Bokova secured 31 of the executive board’s 58 votes to Hosni’s 27.

After five rounds of voting, during which seven other candidates were forced to withdraw, Bokova was declared the winner. She could become UNESCO’s first woman director general if she is endorsed at next month’s general assembly when all 193 members will meet to vote.

While some diplomats say confirmation of the post by the assembly has always been automatic, Tosho Peikov, a Bulgarian politician and secretary-general of the Bulgaria Fund, told the Bulgarian media that she could meet "serious resistance" from African and Asian countries — who had not wanted a Western leader — during the confirmation process.

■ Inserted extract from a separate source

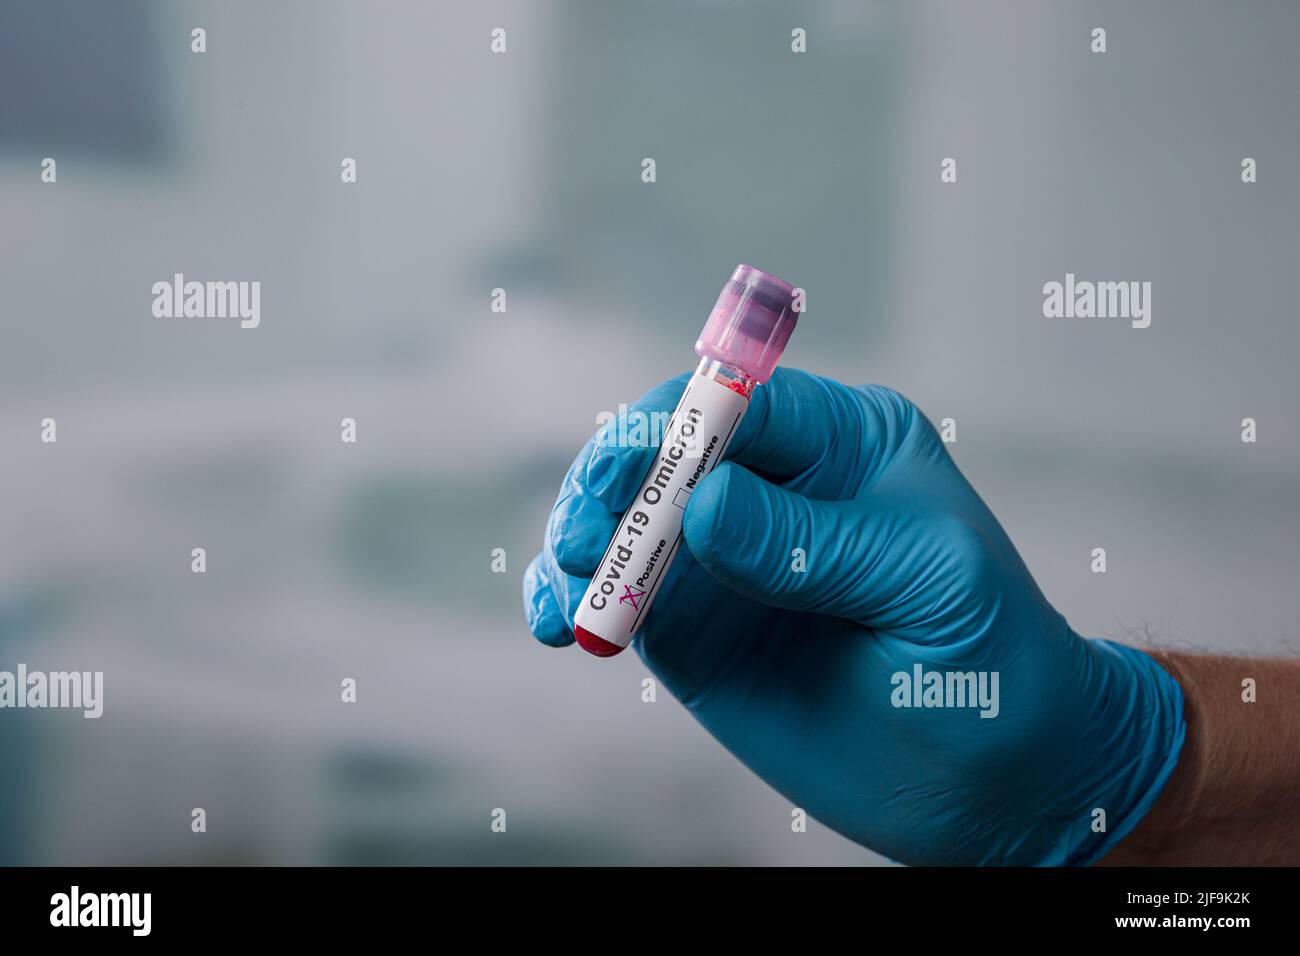 mano con un guante azul sujetando un tubo de análisis de sangre con marcador de corona positivo delante de una sala de laboratorio Foto de stock

Bokova says she visited some 45 countries in the months leading up to the vote including UNESCO regional offices in Chile, India, Jamaica, Nigeria, Pakistan and Thailand. In speeches to the executive board, she has outlined her priorities as education and Africa. She is less specific about science.

"UNESCO should become the leader and mobiliser of governments, specialised agencies and the scientific community in the field of science, innovation and new technologies — including green technologies — under the slogan ‘Science and technology serving humanity’," Bokova said in a speech to the UNESCO board.

"Climate change, biodiversity, mitigation of natural disasters, water resources management, energy and pandemics are the new key challenges in science which should be given priority in UNESCO’s programmes."

To raise the profile of science around the world Bokova also proposes a science advisory body comprising eminent scientists including Nobel laureates and UNESCO prize winners.